Cet article est extrait de l'ouvrage Larousse « Dictionnaire de la peinture ».

Peintre français (Grenoble 1817  – La Tronche, Isère, 1908).

Fortement impressionné par l'Italie, il peignit avec sensibilité la lumière de la campagne romaine, l'âpreté des montagnes de la Cervara et la détresse des marais Pontins (la Malaria, 1848-49, Paris, musée d'Orsay).

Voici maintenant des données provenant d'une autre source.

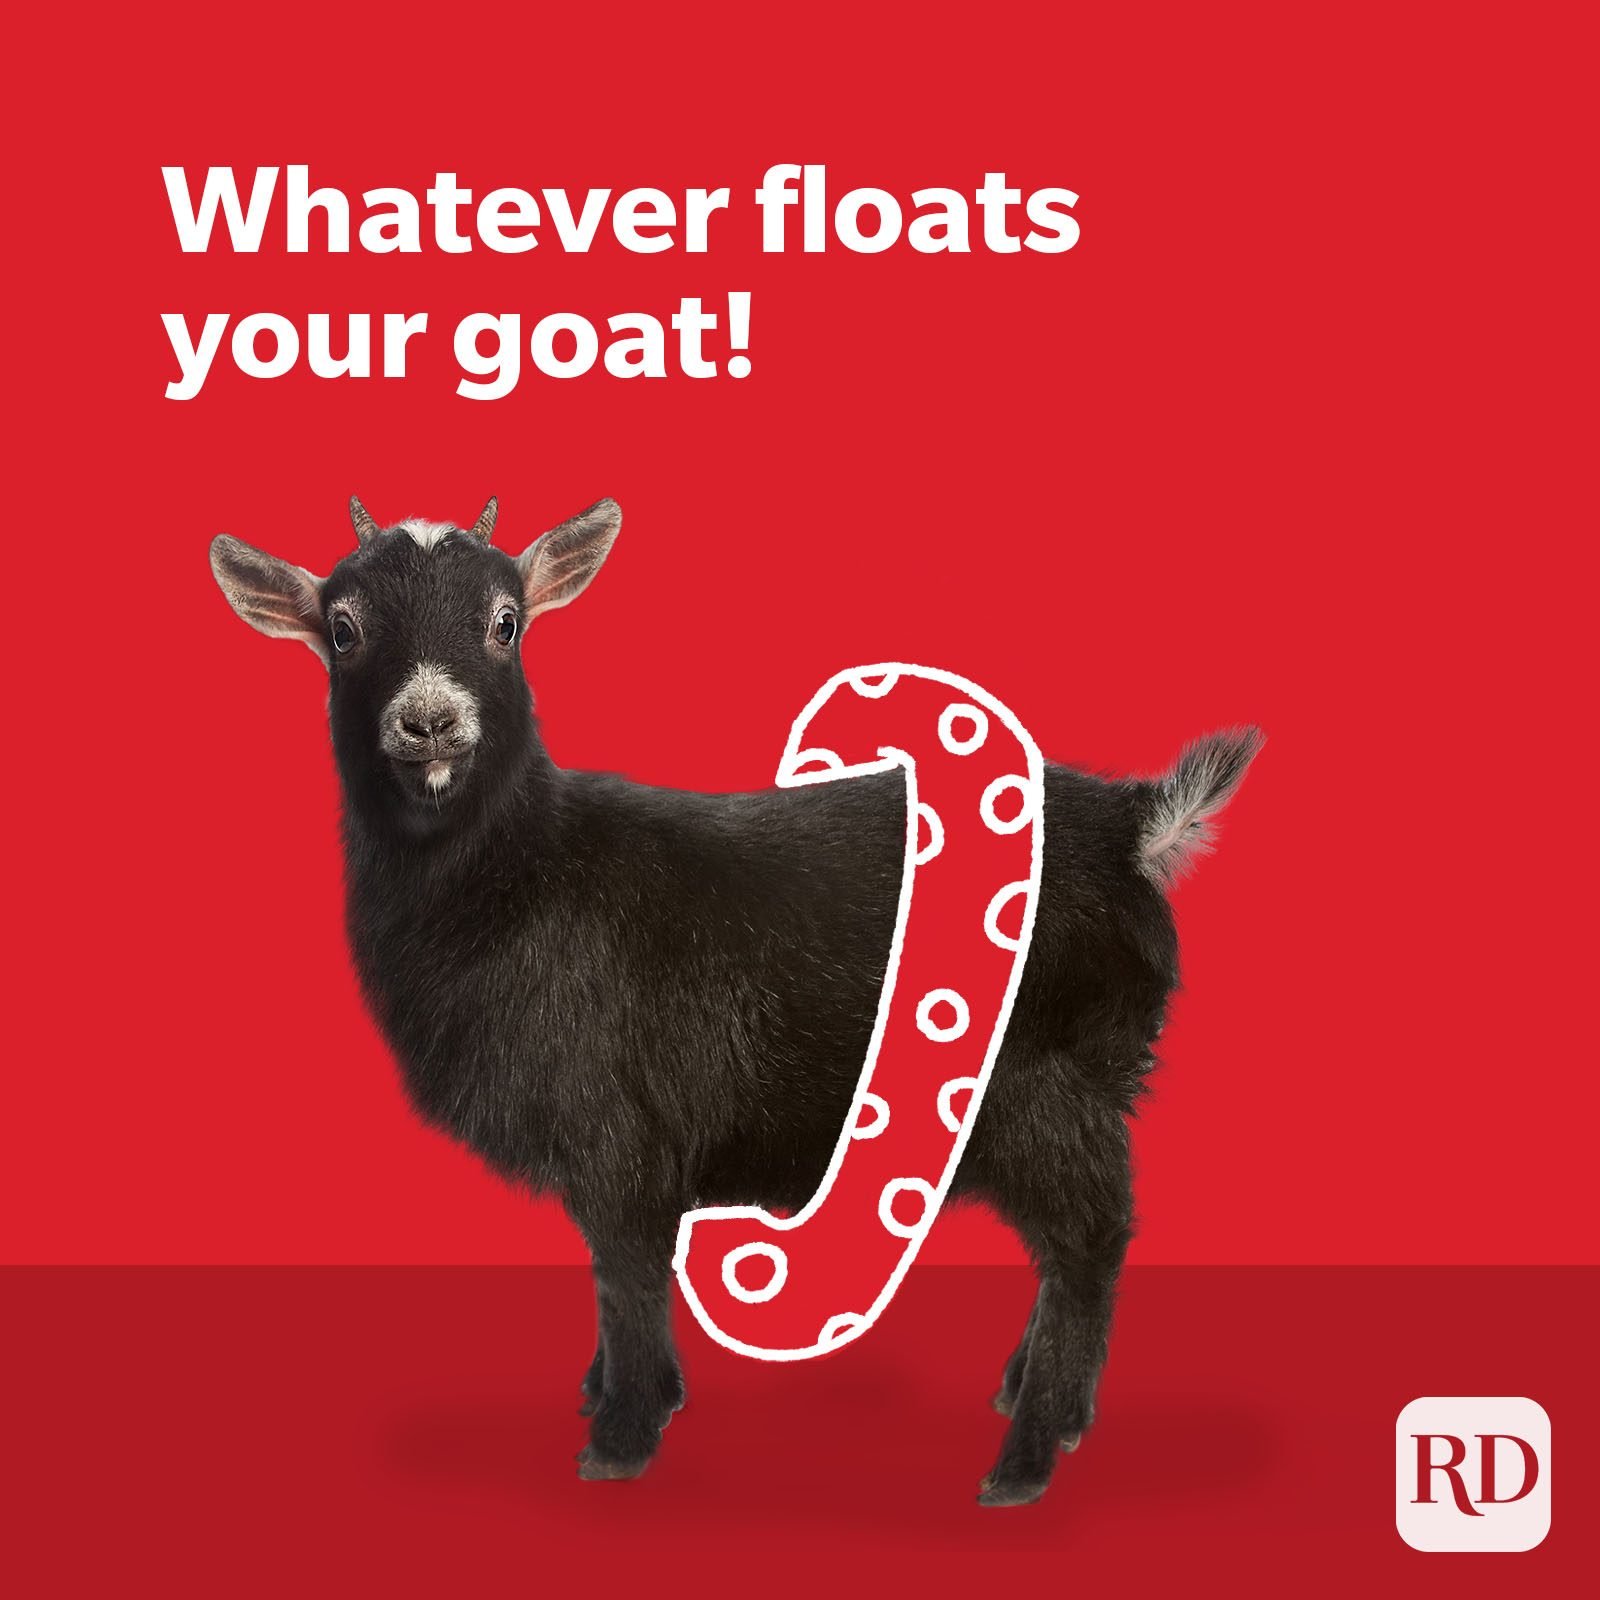 55 Goat Puns That Are So Baaad, They're Good | Funny Goat Jokes

Il s'attacha à rendre la beauté sensuelle de leurs habitants et leur charme maladif (les Cervarolles, 1858, id.). De retour en France, il recréa un peu uniformément cet alanguissement mélancolique dans ses visages de femmes, qu'elles soient figures religieuses (la Vierge de la délivrance, 1872, église de La Tronche), allégories (la Musique, 1880, Paris, Petit Palais) ou portraits mondains (Portrait de la baronne Eléonore d'Uckermann, 1892, Paris, musée Hébert). Ses portraits d'enfants, d'un réalisme attendri (le Petit Savoyard endormi, 1883, id.), se souviennent aussi des frêles modèles italiens (Portrait de Monallucia, 1871, Paris, musée Hébert). Si l'influence du clair-obscur de Rembrandt marqua toute son œuvre, elle est surtout sensible dans sa grave composition du Baiser de Judas (1853, La Tronche), dont il n'a pas retrouvé la solennité dans la mosaïque du cul-de-four de l'abside du Panthéon (1879-1884). Couvert d'honneurs, Hébert fut deux fois directeur de l'Académie de France à Rome (1867-1873 et 1885-1891).

Une grande partie de son œuvre est conservée au musée Hébert de Paris et dans sa villa-atelier à La Tronche.